Almost as if it were a renewed and smaller-scale homage to Frank Lloyd Wright's Johnson Wax offices, the central space is distributed around columns of large capitals that stand out for their pink color that contrasts with the clean white finishes of the enclosures.
“Those moments are what make the BUREAU a space, a place, a settlement, a room, a workshop, an office, a living room, a disco, a research laboratory, a dining room, a lobby, a place where we try to discover how to work better."
Inaugurated in 2020 during the pandemic, the building focuses on (internal) mobility as an alternative and response to the confinement and forced immobility that afflict us until today, rethinking the typology based on new encounters between the collective and the individual, giving place to whatever, all spaces enable rest, work and informal meetings.
The UK-based studio, Koto Design, has designed a cabin for home office, as part of its wide repertoire of modules and pre-fab cabins.
This proposal not only takes into account the spatial variables to create a comfortable work environment, but, as it is marketed as a modular system, it allows those who require a simple and functional work area attached to their home (as has been stated in evidence during confinement), an architectural quality option with the necessary flexibility to be able to be re-functionalized in the future.
This soberly designed workspace addresses a problem that intensified exponentially during the pandemic, which is the difficult task of balancing daily life and work at home in a healthy way, especially in those cases (probably most of them) in those who do not have a place in the home where they can comfortably fulfill their work obligations.
Unlike other proposals presented here, the intention of the authors is not to open themselves directly to the surrounding environment, but rather the opposite, providing a single window in the volume, prioritizing the ideas of contemplation and individual reflection as axes of the proposal.
This intervention by José Costa in Valencia consists of an extension of the co-working Wayco Ruzafa, also of his creation, in what was originally the Goya cinema.

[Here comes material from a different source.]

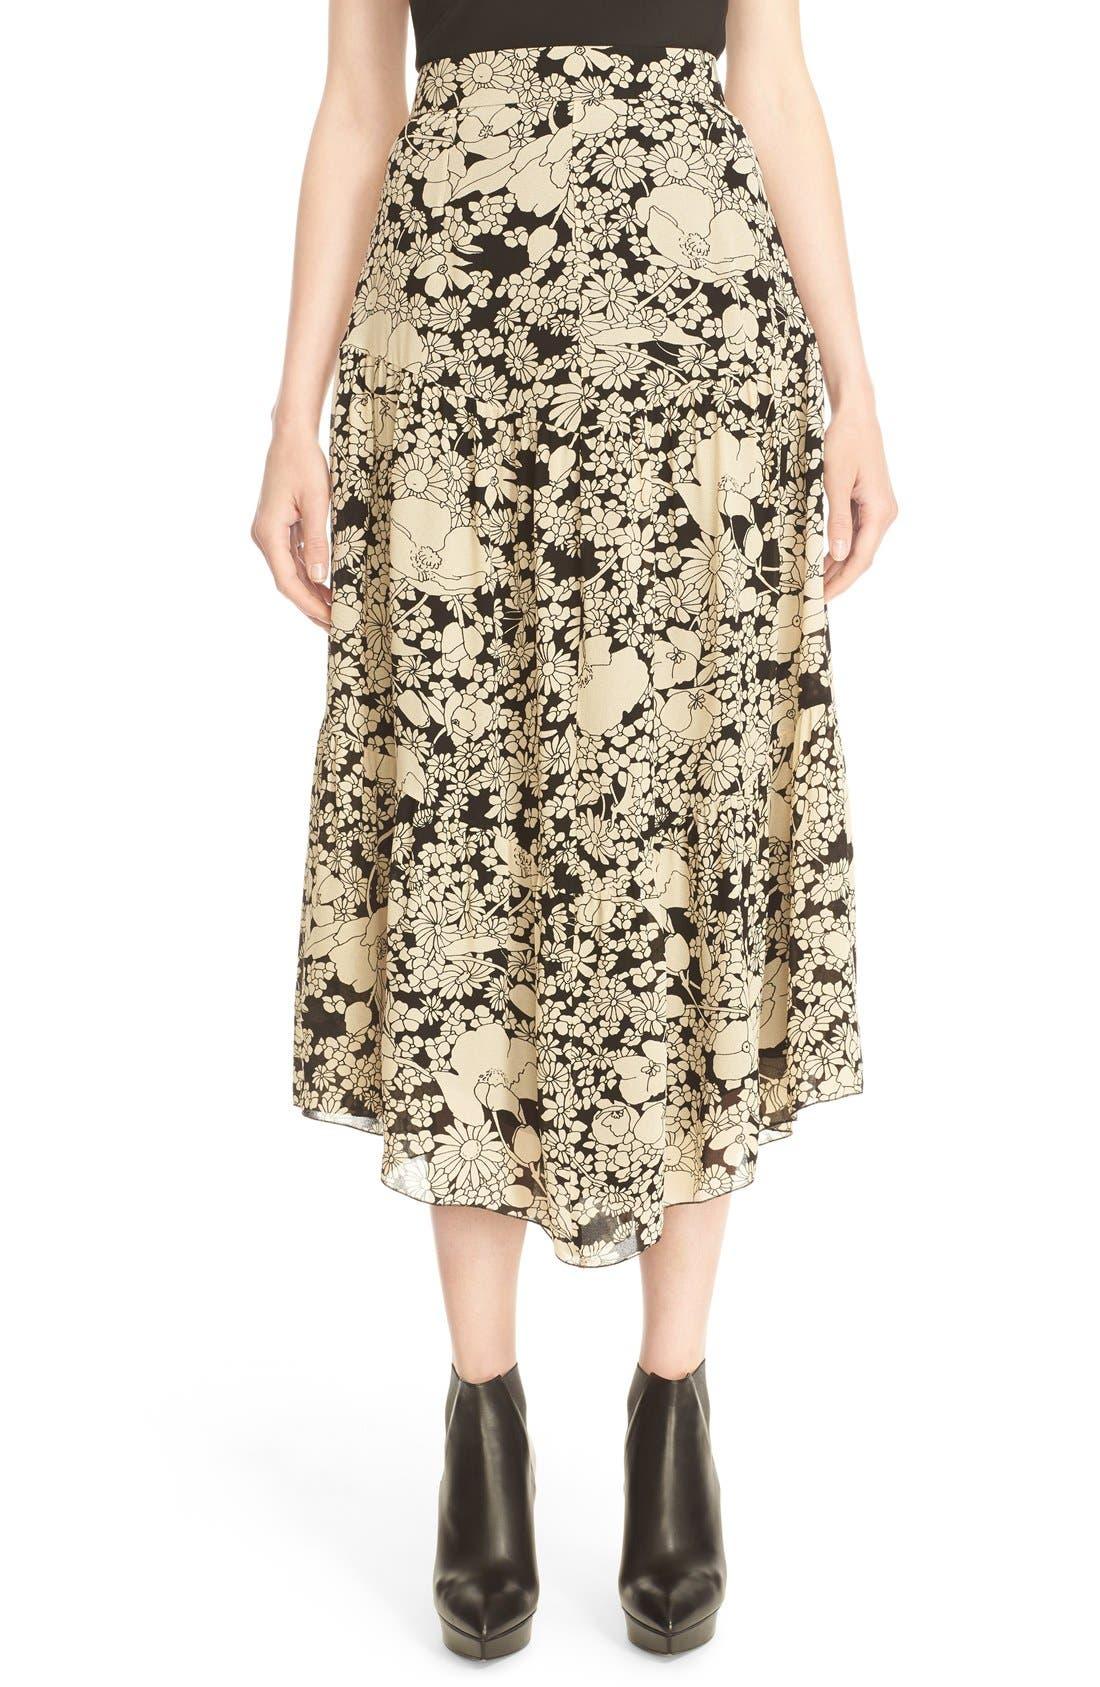 Alternate Image 1 Selected - Saint Laurent Floral Print Crepe Midi Skirt

In this case, it is possible to recognize how the author tries to find a balance between what has been done by KOTO Design, for example, and the fully open spaces of other proposals. This arises as a result of the qualities of the pre-existing spaces that, with the intervention, are defined even more exposed and frank, and those who choose to balance with different areas of greater privacy, arguing that “it can be so desirable to work in spaces open as necessary to withdraw and find varying degrees of privacy throughout the day”.
On the other hand, as was the case with the MVRDV offices, the spaces are endowed with different colors that accompany their programmatic requirements, added to wide staircases that intersperse their common footprint with a double-height one, to generate steps that act as points of view. meeting, rest and informal meetings.
With perspectives that seem to be taken directly from a Play Time scene, the new Scott Sports headquarters of the Swiss IttenBrechbühl, contains almost 26,000 sqm of offices and annexes articulated by a large central space in the form of an atrium that crosses it in its entire section.
Supported by innovation and sustainability provided by the avant-garde technologies implemented, this building is capable of accommodating 600 workstations, distributed in flexible and modular spaces, which are interspersed with large open-plan areas designed as spaces for dialogue, rest and reflection.
The central atrium also operates as a large central courtyard, where you can stop for lunch, organize events and exhibitions, or simply move the offices, while all the other spaces of the building visually balcony towards it, trying to provide a feeling of spaciousness and continuity between the buildings. Work spaces.